One of the things I like about art, is how it makes you look at things. This is why my other half – artist Tom Brown – runs art sessions in a meditative context sometimes. Most of the time our looking can be fairly superficial, with much of what’s around us reduced to little more than backdrop and scenery. It’s god to change that.
Taking up colouring in the last year, I’ve had to pay much more attention to what things look like. How colour, and light and shape interact. What things look like, and what I can do with a pencil that might represent and suggest what things look like.
As I mentioned last weekend, I’m having a go at Inktober over on twitter. Every day I stick up an ink drawing. I’ve chosen birds as my theme. It’s already being a serious learning experience.
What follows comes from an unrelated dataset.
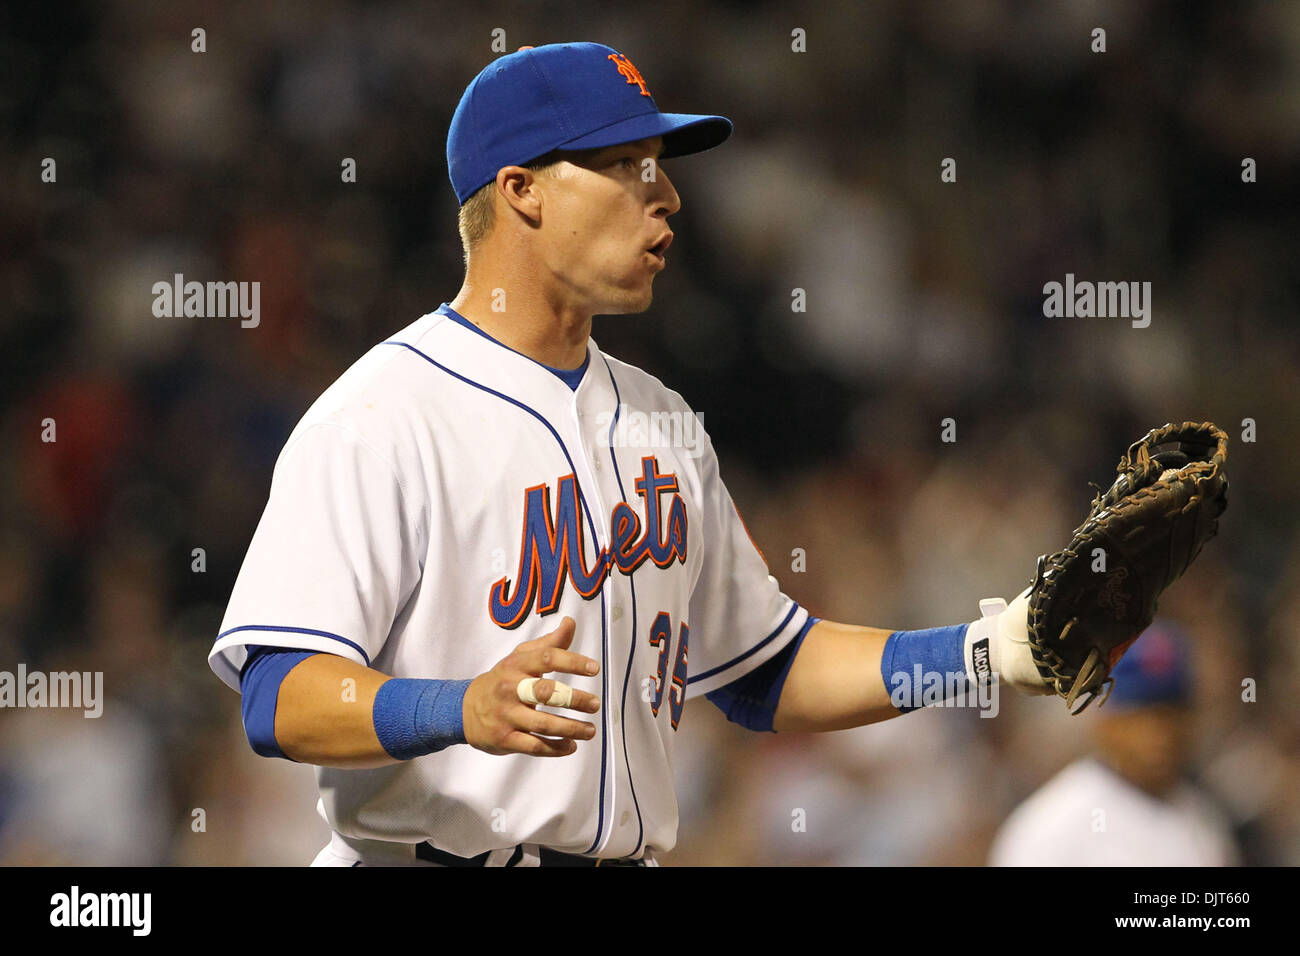 NY Mets Infielder Mike Jacobs  (#35) doesnt like the call in the game at Citifield  in Flushing, NY. The Marlins defeated the Mets 7-6. (Credit Image: © Anthony Gruppuso/Southcreek Global/ZUMApress.com) Stock Photo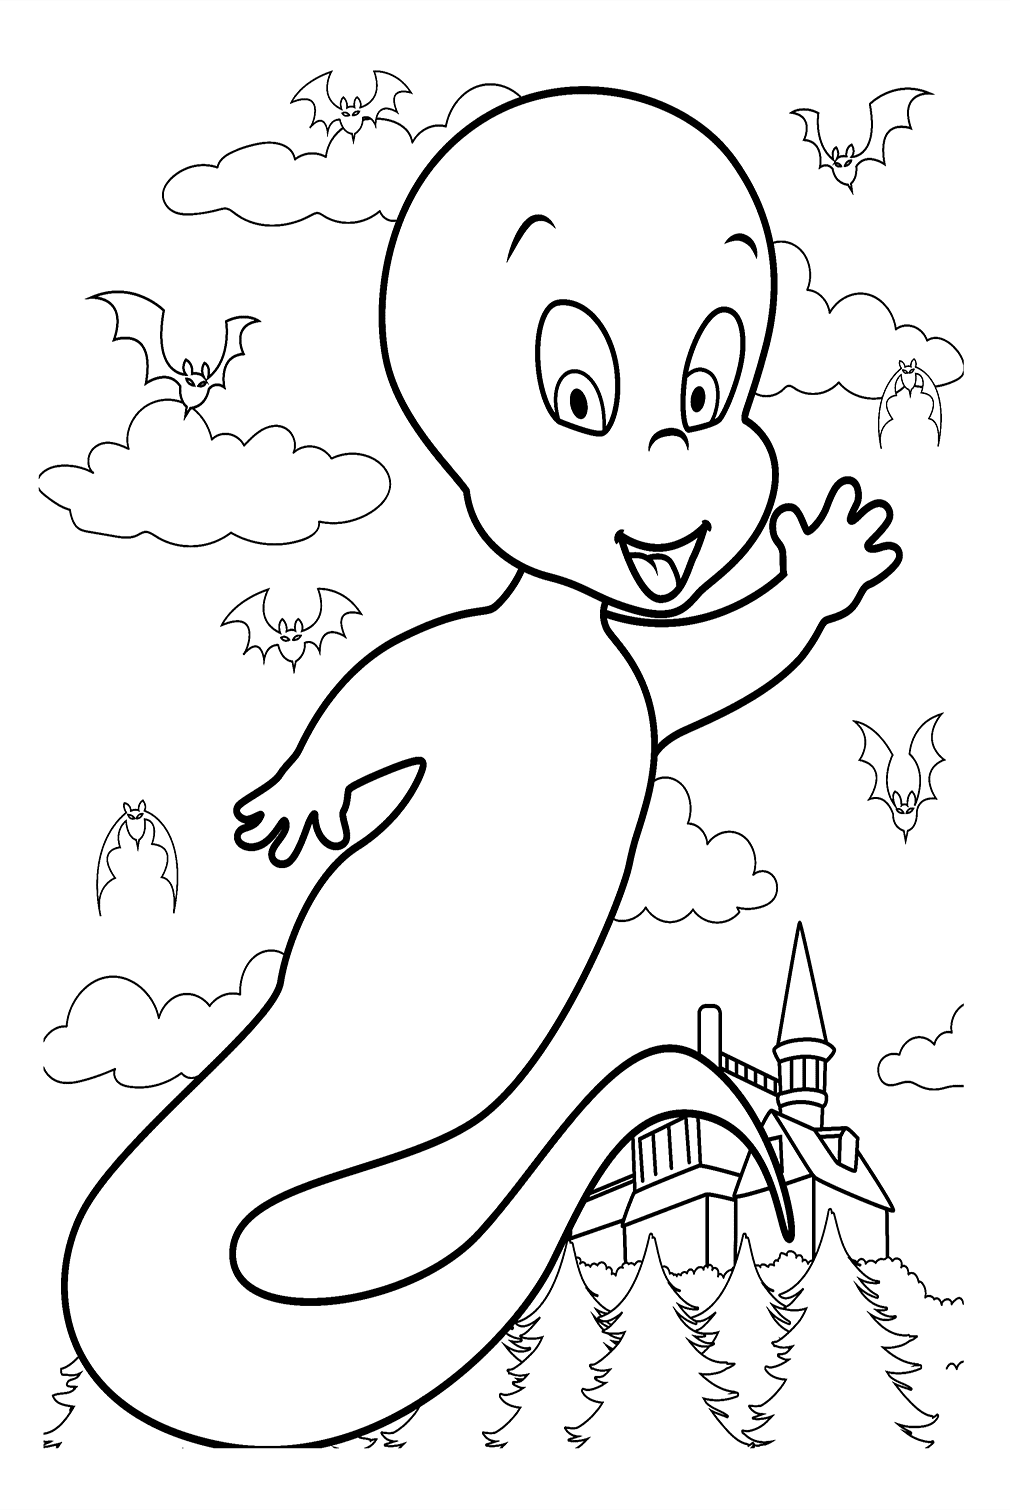 Casper Ghost Coloring Page from Ghost

I sit down with a nature book, a pencil and a pad and I try to draw a bird from its photo. Something specific, and something striking enough to be recognisable – heron, avocet, kingfisher, curlew was where I started. They have shapes and colours that help them stand out from other birds. Of course every type of bird is unique, and there will be things that make it especially itself, but some of those are easier to represent than others. Some birds – like the kingfisher – can be expressed by their colours.
However, I’ve been pushing into the ink work more, and all my ink is black. Could I make a Canada goose look like itself without putting some brown pencil in the mix? Maybe.
Fractions of a millimetre in the length or curve of a line can turn one bird into another. I found it recently where working on a bear image that the differences between bear, dog and badger weren’t that big. A slight mistake on the face and the wrong animal would look back at me. And yet, we can look at these images and say dog, badger, bear where only a tiny fraction of difference exists.
For me it raises all kinds of questions about how we perceive and remember, how we sort shapes and use abstracts. How many lines do I need on the page to clarify which one is a duck, and which one a crane? Not many.